This program periodically periodically samples the battery sensor and displays the bottom 3 bits on the LEDs
/*
* periodically sample the battery sensor and display the bottom 3 bits on the leds
*/
type ISense is interface ( in bool ticker; out bool battReq; in integer battVal)
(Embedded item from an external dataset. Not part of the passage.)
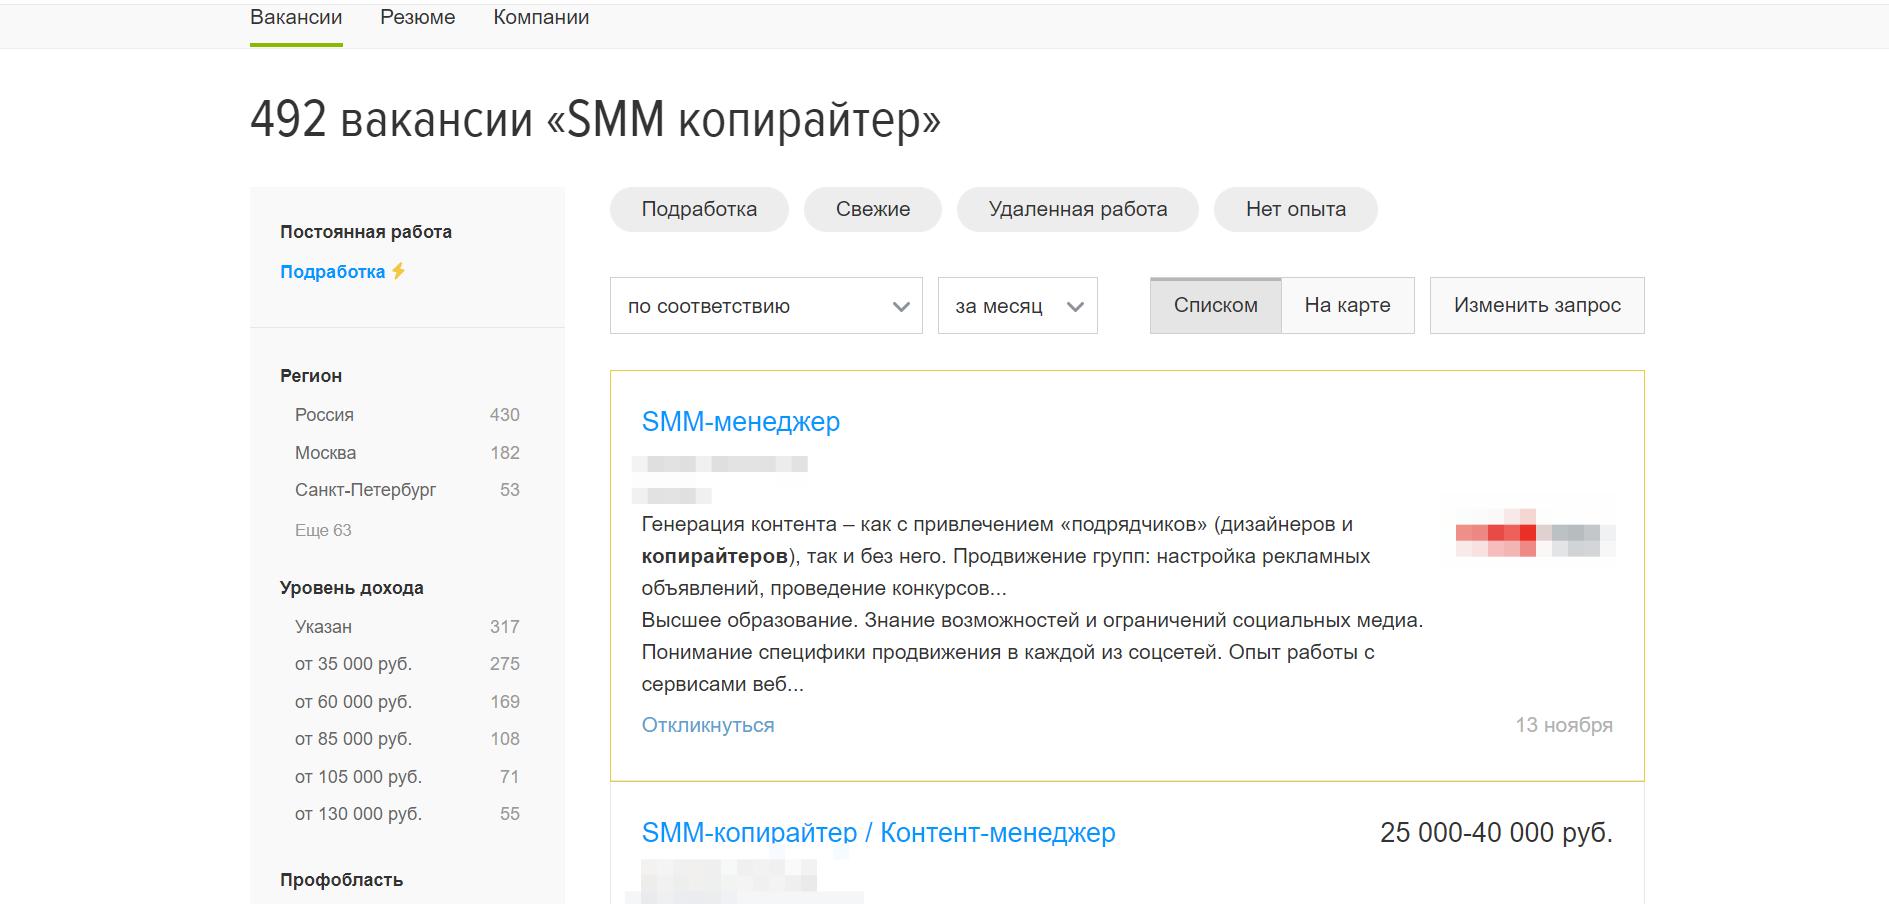 Статистика зарплат SMM-копирайтеров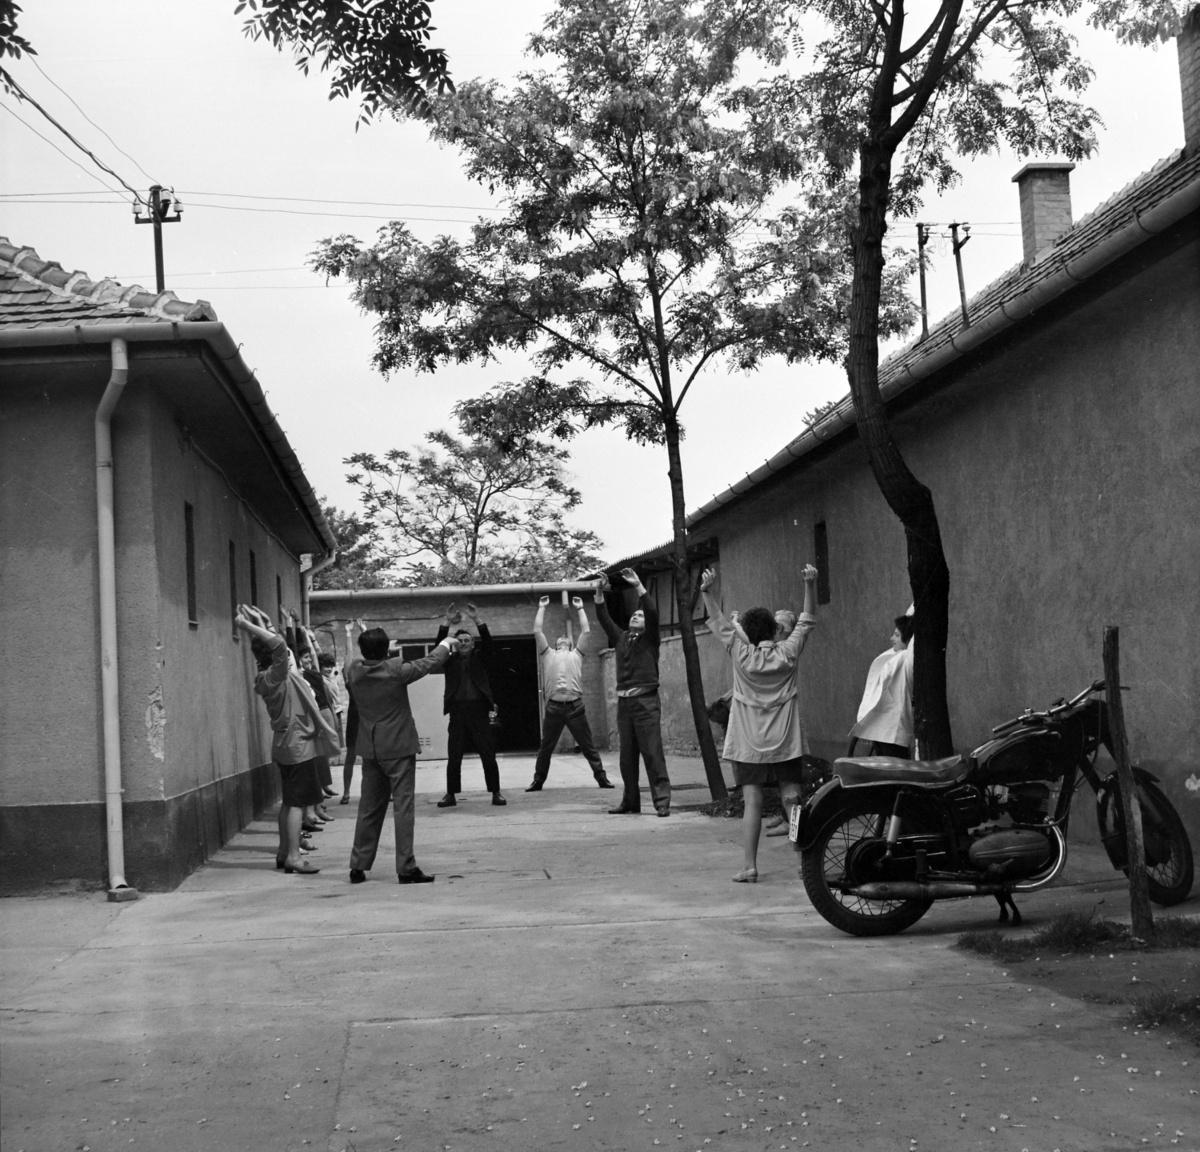 """Ifj. Kartács Béla gondolt egy nagyotA Bambuszrügy Magyar-Vietnami Barátság Mgtsz évről évre romló hatékonysággal működött. A dolgozók több időt és energiát fordítottak a hétvégi veteményeskertre, mint a szövetkezet gazdagítására, a munkaverseny már annyi embert se érdekelt, mint a menzán Toldiné Icuka dekoltázsa, pedig Toldiné Icuka egyöntetű vélemények szerint a legcsúnyább asszony volt a faluban.                          A hanyatlást és pangást látva kereste fel ifj. Kartács Béla a téeszelnökhöz, hogy lenne neki egy ötlete a dolgozók ösztönzésére. """"Az elején nem fognak örülni, de tudja, milyenek a magyar parasztok, semminek nem tudnak, ha kapnak egy zsák búzát, akkor is azon sírnak, miért nem kettőt."""" A téeszelnök hülyeségnek tartotta az ötletet, de jobb terve nem lévén, beleegyezett. Ifj. Kartács másnaptól minden reggel kivezényelte kiscsoportos foglalkozásra a kollektívát, és mindenkinek meg kell mutatnia, hány százalékot teljesített a tervből, és mennyit akar másnapra teljesíteni.A kísérlet tényleg megbukott, pár napon belül az egész téesz felmondással fenyegetőzött. Egyetlen hozadéka az volt, hogy meglátta az egyik reggel a csoportot egy, a falun épp átautózó híresség. """"Ezt lopom"""", mondta magában, mert ez szokása volt (mármint ennek mondogatása). És nemsoká új műsor kezdődött a tévében."""

component sense presents ISense {
constructor() {}
behaviour {
receive tick from ticker
send true on battReq
receive reading from battVal
if (reading & 4) == 4
then setRedLedPower(true)
else setRedLedPower(false)
if (reading & 2) == 2
then setBlueLedPower(true)
else setBlueLedPower(false)
if (reading & 1) == 1
then setGreenLedPower(true)
else setGreenLedPower(false)
}
}
s = new sense()
connect s.battReq to sensors.batteryRequest
connect s.battVal to sensors.batteryOut
setTimer(s.ticker , 0.098 , true)
The corresponding nesC program for TinyOS is shown below.
configuration SenseAppC
{
}
implementation {
components SenseC, MainC, LedsC, new TimerMilliC(), new DemoSensorC() as Sensor;
SenseC.Boot -> MainC;
SenseC.Leds -> LedsC;
SenseC.Timer -> TimerMilliC;
SenseC.Read -> Sensor;
}
/******************************************************/
#include "Timer.h"
module SenseC
{
uses {
interface Boot;
interface Leds;
interface Timer;
interface Read;
}
}
implementation
{
// sampling frequency in binary milliseconds
#define SAMPLING_FREQUENCY 100
event void Boot.booted() {
call Timer.startPeriodic(SAMPLING_FREQUENCY);
}
event void Timer.fired()
{
call Read.read();
}
event void Read.readDone(error_t result, uint16_t data)
{
if (result == SUCCESS){
if (data & 0x0004)
call Leds.led2On();
else
call Leds.led2Off();
if (data & 0x0002)
call Leds.led1On();
else
call Leds.led1Off();
if (data & 0x0001)
call Leds.led0On();
else
call Leds.led0Off();
}
}
}